Halloween Candy: Man oh man. That stuff is all over our house. In ever bowl, in every box. The scariest part of Halloween to me is how much I give in and eat chocolate all day. And lately, it's really been scaring me.
Being called on in class and not knowing the answer: The professor looks at you and expects you to wow him with how much you read the chapter, when no one in the class even opened their book. They're all thinking. "HA! Let's see what answer you can come up cause I sure didn't have one ready."
When there are no parking spots left in the Business Lot: I just don't really feel like parking anywhere else. Anything outisde that lot is not the distance I am used to walking. So what do I end up doing? I circle around and wait till someone looks like they may be leaving, then sneakishly (and by that I mean stalkerishly) drive slowly behind them till they reach their car and back out. What's that you say? Would I like your parking spot? Why yes, I would be just delighted.
TOASTS:
My new UGG boots: My boyfriend is the greatest. And my feet definitely thank him for the warmth these shoes give me. I wear those suckas everywhere. I hate when my feet get cold, so I just slip these on before class and know that I won't have to worry about it. Bottom line, I just lurv these boots. Andrew, here's to you and knowing exactly what I needed.

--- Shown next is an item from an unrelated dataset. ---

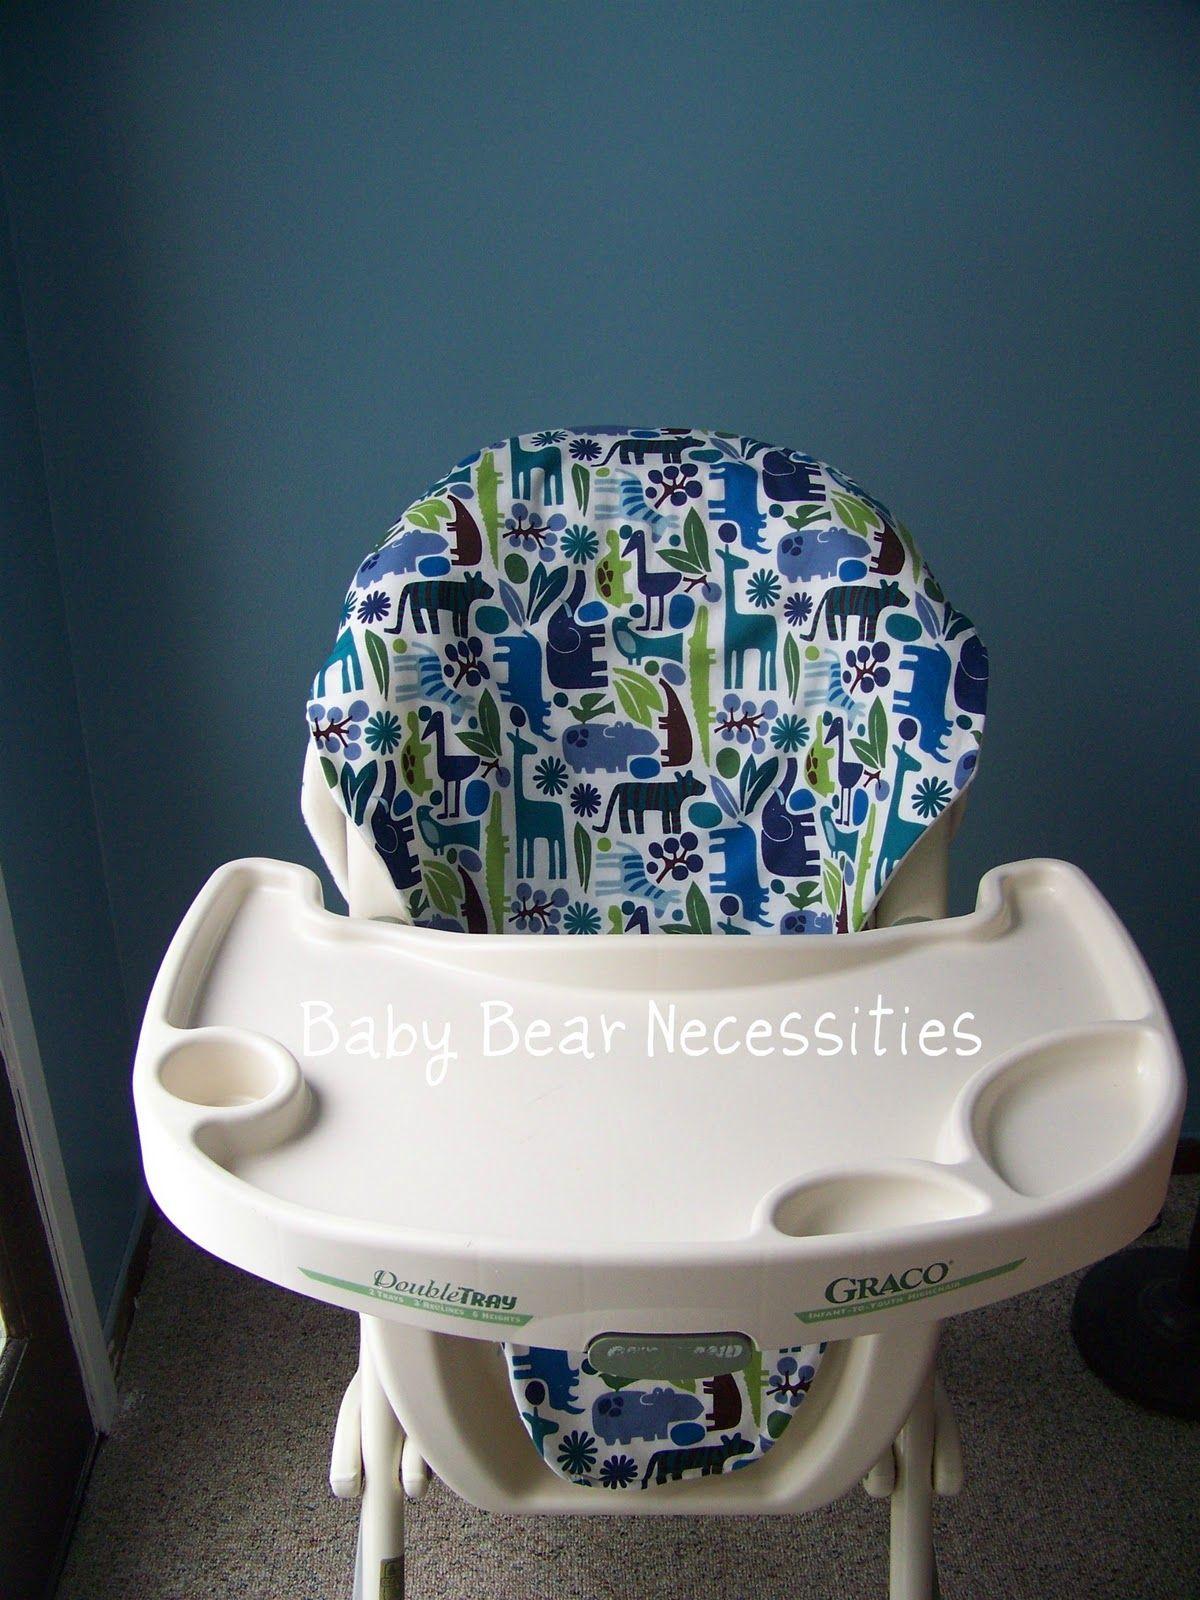 Baby Bear Necessities High Chair Cover Tutorial DIY

The stray cat Leopold: He is just plain precious. My roommates say they hate him but then I'll catch them slipping him some leftovers or making his bed more comfortable. I know they're fallen for his soft fur and faint meow. I thoroughly enjoy seeing him waiting for me on the porch when I pull up. He adds a lot to the Radpad and I say he's a great addition. Leopold, I raise my glass to you and the way you decided to land on our yard.
Those dreaded P90X workouts: This is a love/ hate relationship I share with this DVD set. I've been faithfully doing a workout a night and strangely enough, I look forward to them everyday. Then during the workout, I'm fighting every move and coaching myself to finish Lateral Leapfrog Squats. But all in all, a toast to you Tony Horton, for repeating yourself over and over so that I can burn all the calories that Halloween candy is attacking me with.